從李祺穿越到現在差不多二十年,憑借著臨安公主的身份,攀上了大明朝外戚最后的余暉,李氏在權勢上發展的速度可以說飛速。
但家族威望方面……
李祺看了一眼,才52。
從一個家族角度看來,現在的李氏依舊純粹依附于皇權和大明體制,甚至包括家主李顯穆,依舊依賴于皇帝信任,并完全沒有制衡皇帝的能力,和魏晉隋唐那種世家門閥是完全不能比擬的。
況且,一個家族的威望,最需要的是時間,累世高門的關鍵在于累世,五姓七望的聲望也是數百年才建立起來的。
“任重而道遠啊。”李祺感慨著,“朱祁鎮和朱見深都是幼主繼位,恰好這兩代皇帝和顯穆權勢巔峰期重合,希望能為家族撐起登神之路!”
說罷,他轉而重新將目光投向正沸騰如巖漿流火的江南。
……
江南,沸騰如火!
在法不責眾以及有心人的煽動之下,許多人都懷著僥幸之心選擇了觀望,想要看看李顯穆真的敢冒天下之大不韙,對如此之多的生員出手嗎
抗稅抗糧之音,不絕于耳,響徹江南。
江南巡撫衙門。
氣氛頗為凝滯,諸官吏不安肅立,不時微微瞧向上首的撫臺。
李顯穆正翻閱著此番江南抗糧稅之事,語氣聽不出什么態度,“自宋朝以來,便有‘蘇常熟,天下足’的諺語流傳,我朝亦仰給江南,果然這抗糧之事,也以蘇州府、常州府最為積極,這應當就是心虛了。
圣人曾言,懲前毖后,治病救人。
再發一次告示,下月初一之前,這些欠朝廷糧稅的,都要補齊,若是膽敢有所推諉,必不饒之。”

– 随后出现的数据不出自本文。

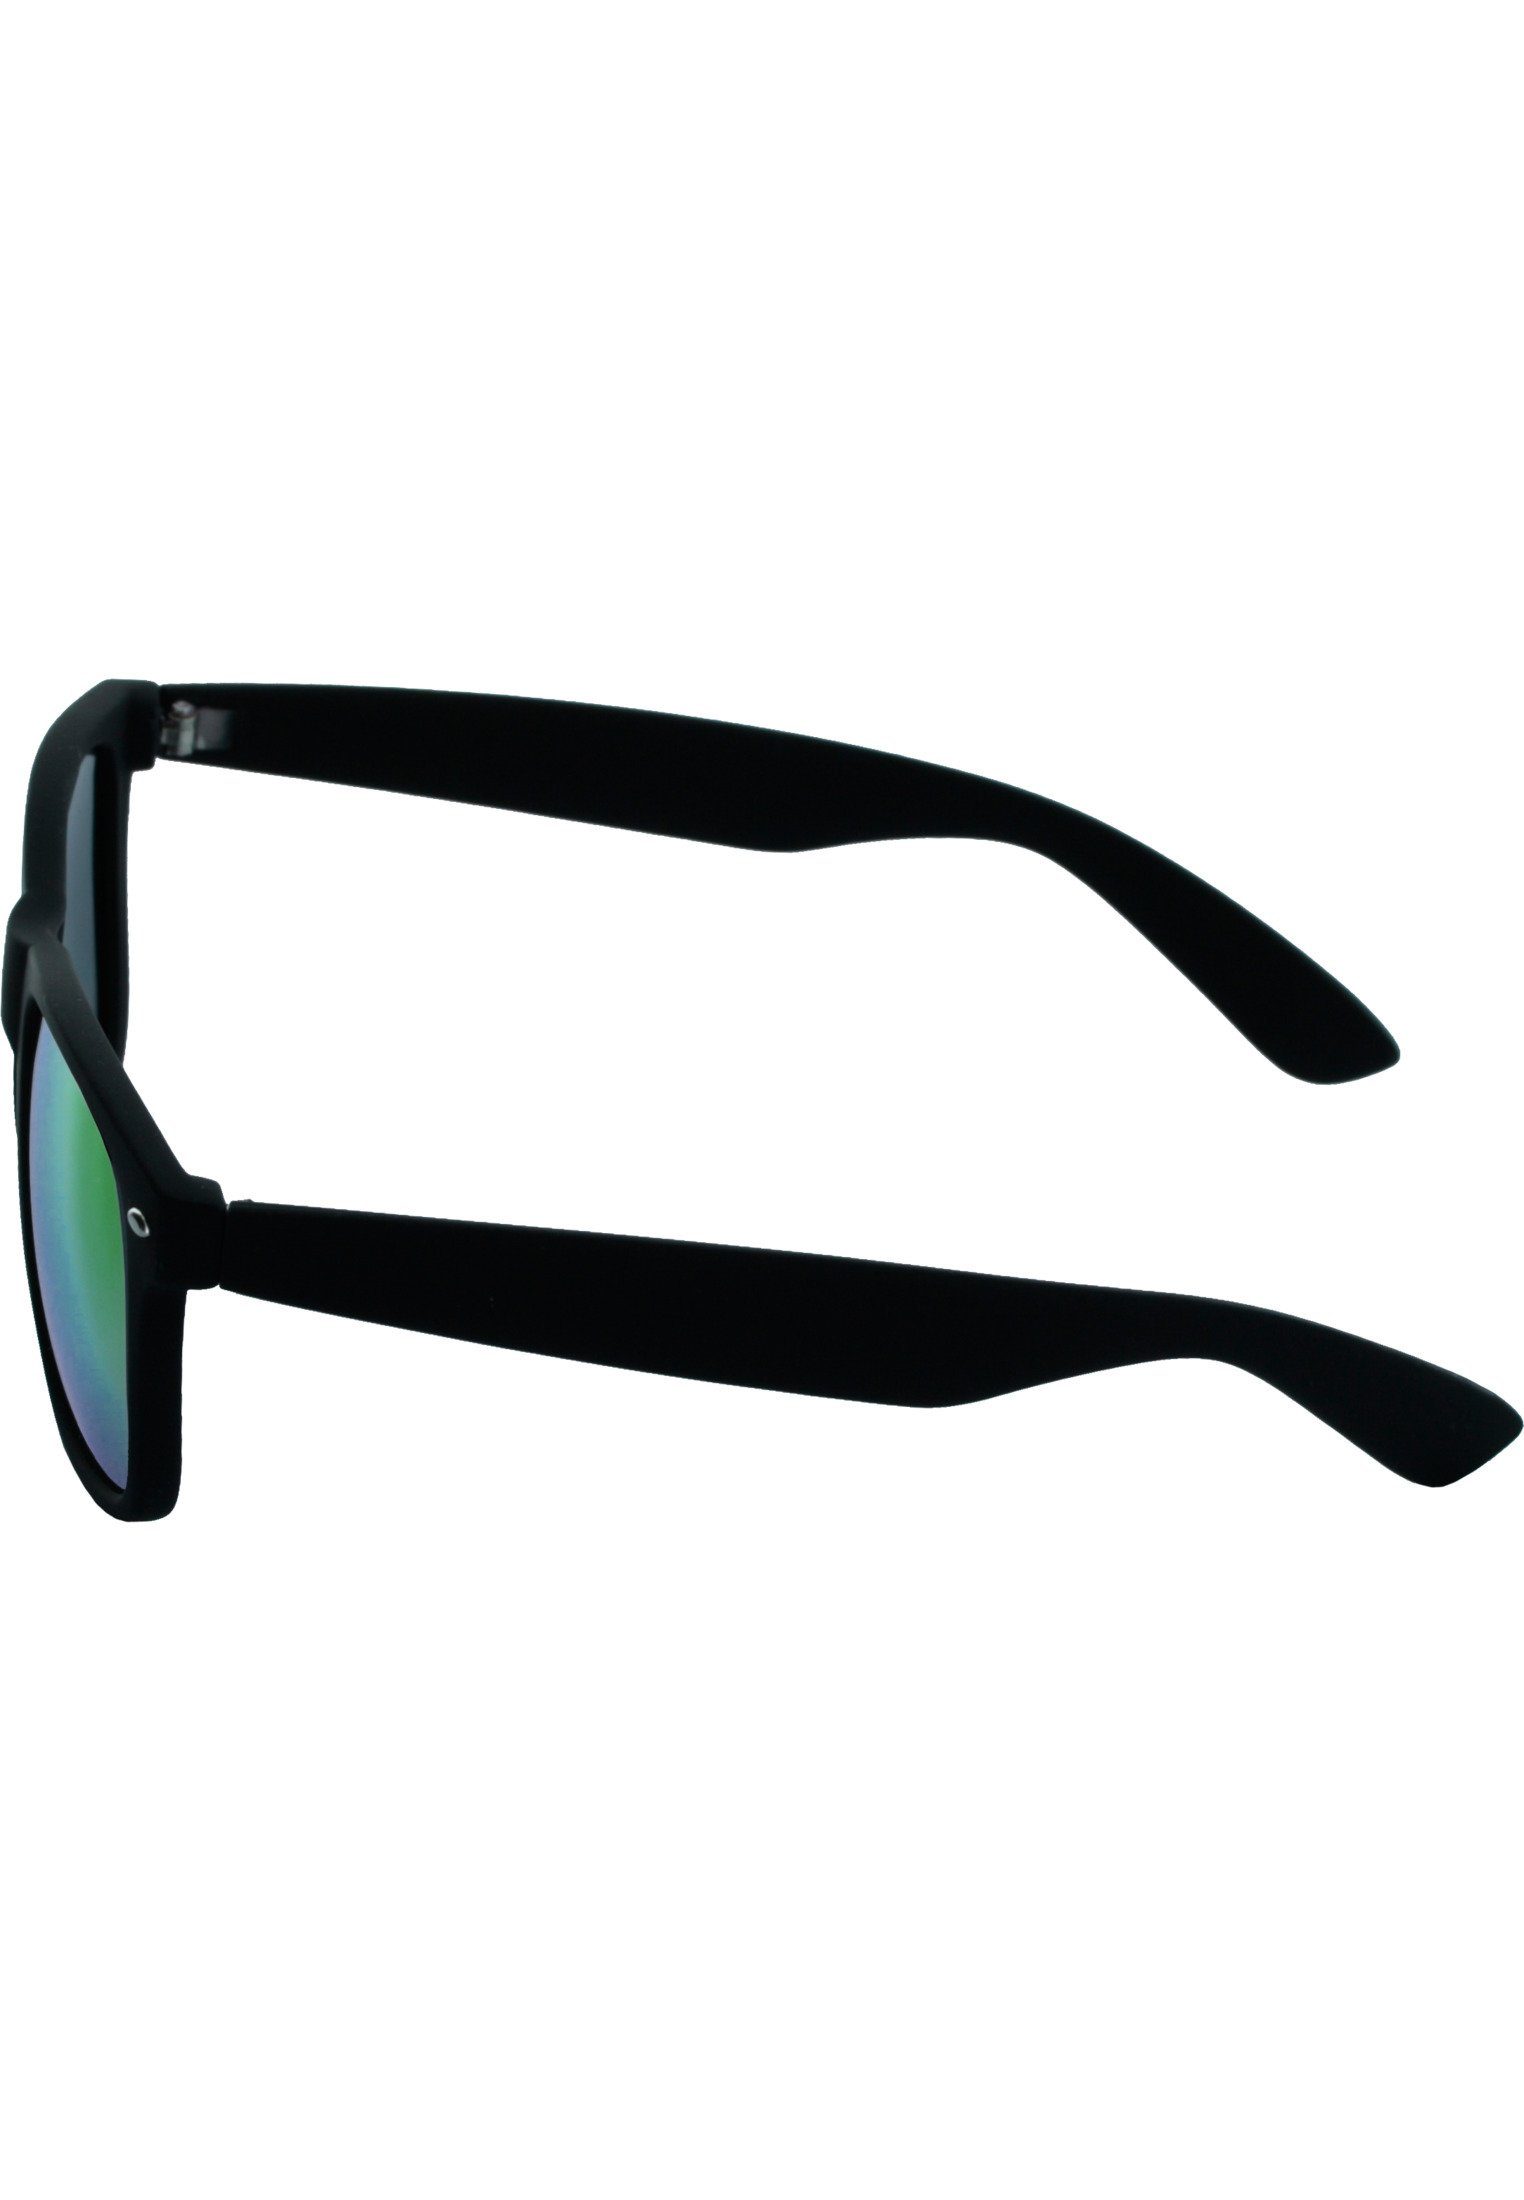 MSTRDS Sonnenbrille blk/blue Mirror Accessoires Sunglasses Likoma

聽李顯穆之言,衙門中氣氛頓時一松,而后又頗為疑惑的望向李顯穆,心中打起了鼓,撫臺為何沒有直接抓人呢
即便是又給一次機會,那些人也不會交糧,何必多此一舉呢
李顯穆則嘴角含著冷笑。
唐朝的時候,李世民也能直接把李建成拿下,為何還要一讓再讓。
在握有絕對主動權的情況下,咄咄逼人有時候反而不如略微向后退一步更有用。
江南三省人口稠密,可地域不算大,李顯穆的命令自南京而出,很快就發往各府縣之中。
士紳們看到李顯穆竟然退卻,將交糧的最后期限延后,頓時大喜過望。
“果然色厲內荏!”有人斷言李顯穆只敢言語。
更多的鼓噪之聲,甚囂塵上。
人群的集體意志是一種可怖的力量,當這股力量凝結在一起后,便足以震動一切,身處其中的人會受到它的鼓舞,繼而失去畏懼和恐懼。
李顯穆的退讓幾乎點燃了江南豪紳的熱情,他們好似找到了應對李顯穆的辦法,積極的四處奔走聯絡。